I felt like we had a PR pending that adds a note that kube-state-metrics actually scales with the number of objects as opposed to number of nodes, but it gives some indication.

This has been merged in #490 as part of describing the pod nanny usage.

mrsiano commented 6 years ago

@brancz @smarterclayton the protobuf already implemented ?! we have some benchmark results to visible how much better it is?

mrsiano commented 6 years ago

@smarterclayton @brancz another thing we might faced this one as well https://bugzilla.redhat.com/show_bug.cgi?id=1426009

andyxning commented 6 years ago

the protobuf already implemented ?! we have some benchmark results to visible how much better it is?

@mrsiano Yes, pb support has been added in https://github.com/kubernetes/kube-state-metrics/pull/475. It is available after 1.4.0. Could you please give it a try and do some benchmark.

ehashman commented 5 years ago

As a follow-up to my earlier comment, just wanted to share the results of my KSM upgrade from 1.4.0 to 1.5.0-beta.0 in one of our aforementioned clusters with 200 nodes:

ksm5

As you can see, CPU utilization and memory usage have dropped dramatically. Network utilization has increased as I am no longer gzipping responses. With this upgrade, the documented benchmarks for resource utilization appear to be accurate and wouldn't need to be updated :tada:

fejta-bot commented 5 years ago

Issues go stale after 90d of inactivity. Mark the issue as fresh with /remove-lifecycle stale. Stale issues rot after an additional 30d of inactivity and eventually close.

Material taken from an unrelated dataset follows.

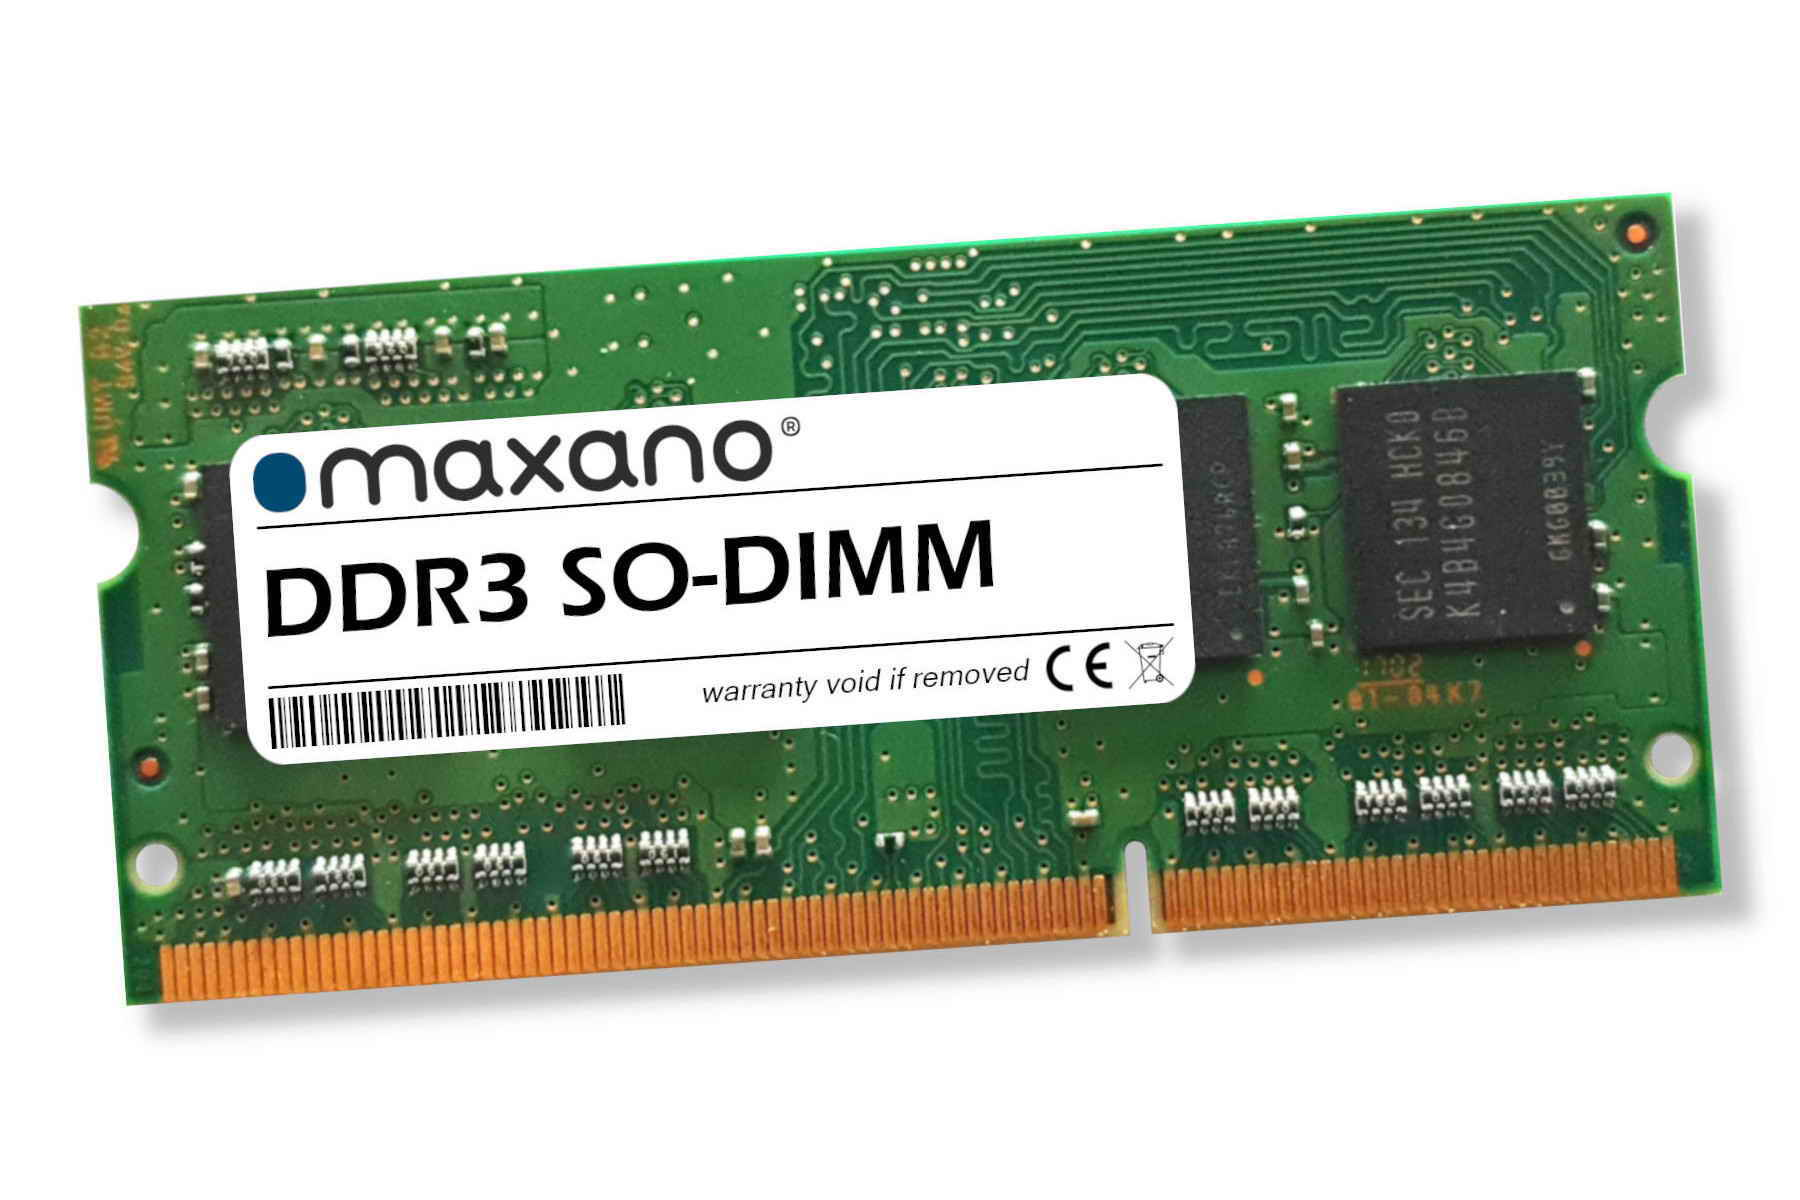 SDRAM 4GB AS6210T GB SO-DIMM) MAXANO für Arbeitsspeicher Asustor 4 (PC3-12800 RAM

If this issue is safe to close now please do so with /close.

Send feedback to sig-testing, kubernetes/test-infra and/or fejta. /lifecycle stale

fejta-bot commented 5 years ago

Stale issues rot after 30d of inactivity. Mark the issue as fresh with /remove-lifecycle rotten. Rotten issues close after an additional 30d of inactivity.

If this issue is safe to close now please do so with /close.

Send feedback to sig-testing, kubernetes/test-infra and/or fejta. /lifecycle rotten

ehashman commented 5 years ago

/close

k8s-ci-robot commented 5 years ago

@ehashman: Closing this issue.

In response to [this](https://github.com/kubernetes/kube-state-metrics/issues/257#issuecomment-485419374): >/close Instructions for interacting with me using PR comments are available [here](https://git.k8s.io/community/contributors/guide/pull-requests.md). If you have questions or suggestions related to my behavior, please file an issue against the [kubernetes/test-infra](https://github.com/kubernetes/test-infra/issues/new?title=Prow%20issue:) repository.